The Pennsylvania Shakespeare Festival (PSF) is a professional theater company in residence at DeSales University in Center Valley, Pennsylvania and the official Shakespeare Festival of the Commonwealth of Pennsylvania.

The Festival is organized as a non-profit 501(c)(3) in Pennsylvania. Each summer, PSF produces six or more plays (often including a musical) and special one-night-only performances. In the fall, PSF tours a Shakespeare play to schools as part of its Linny Fowler WillPower tour.  Since its inception, the Festival has been attended by over 1,000,000 people.
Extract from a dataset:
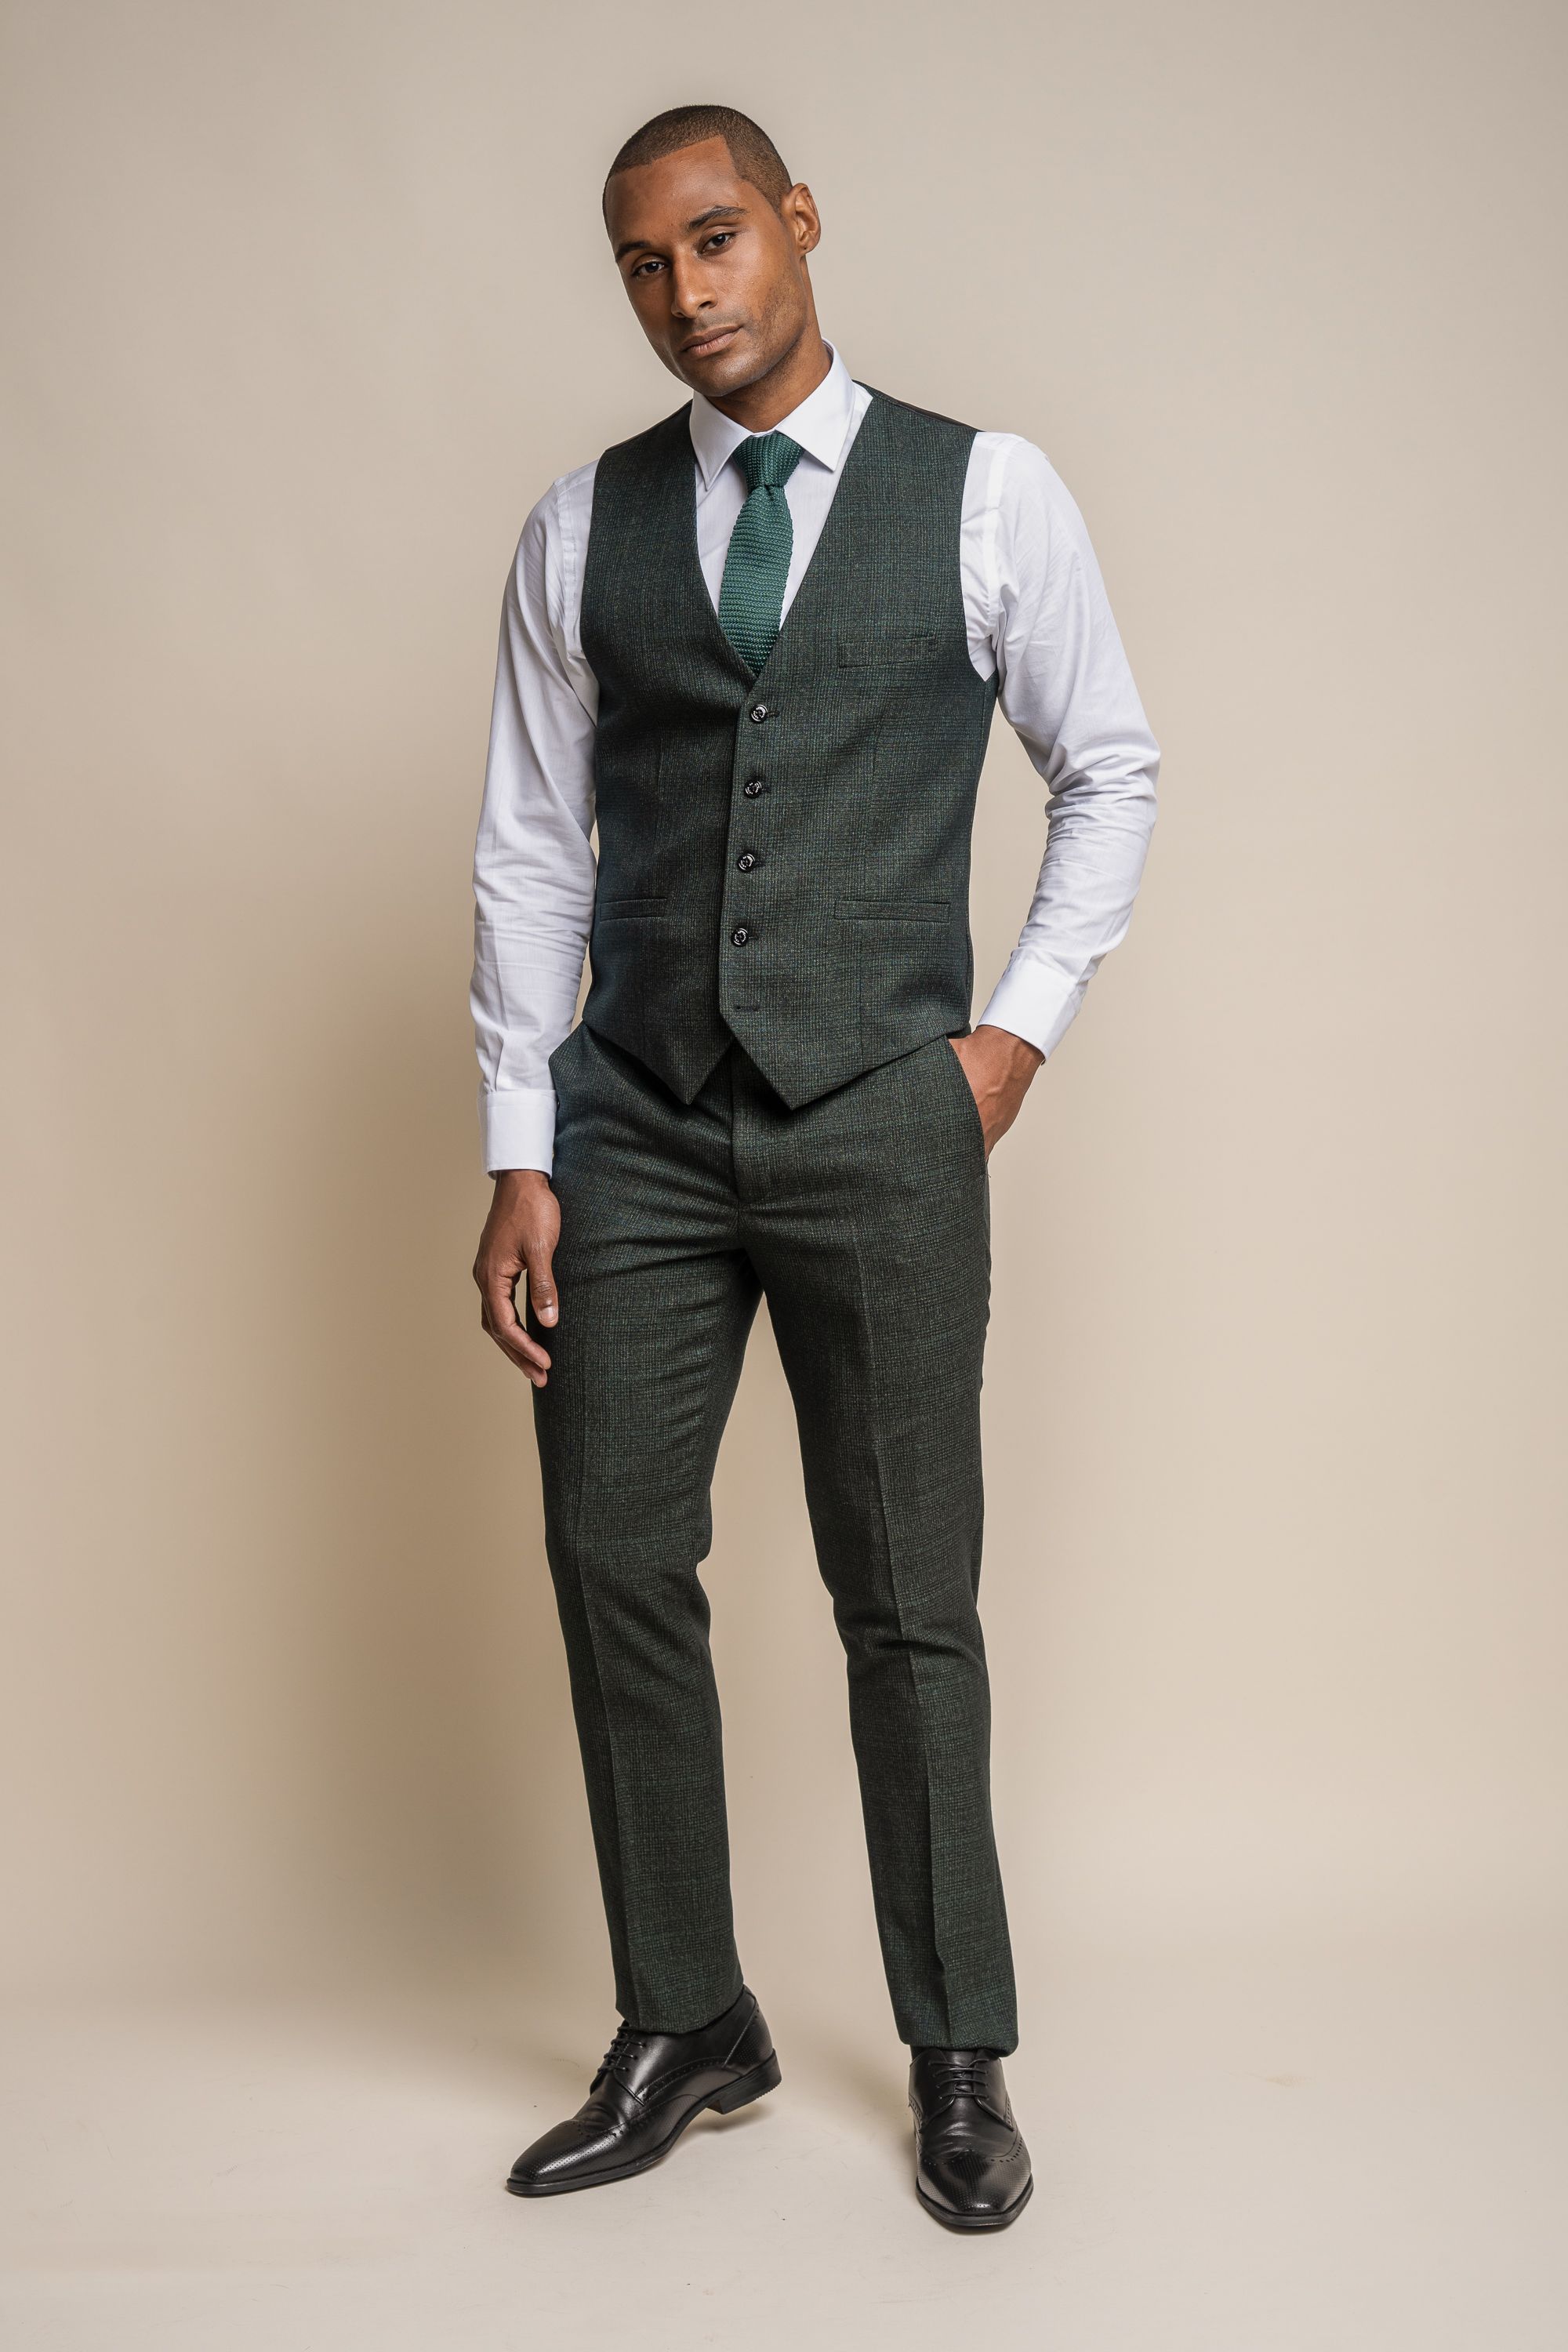 Men's Tweed Houndstooth Check Slim Fit Formal Waistcoat - CARIDI - Olive Green

The acting company consists primarily of professional actors from New York and Philadelphia and who are members of Actors' Equity Association.  The plays are performed in two theaters in The Labuda Center for the Performing Arts: the 473-seat proscenium Mainstage or the 187-seat thrust Schubert Theater on the DeSales University campus in Center Valley.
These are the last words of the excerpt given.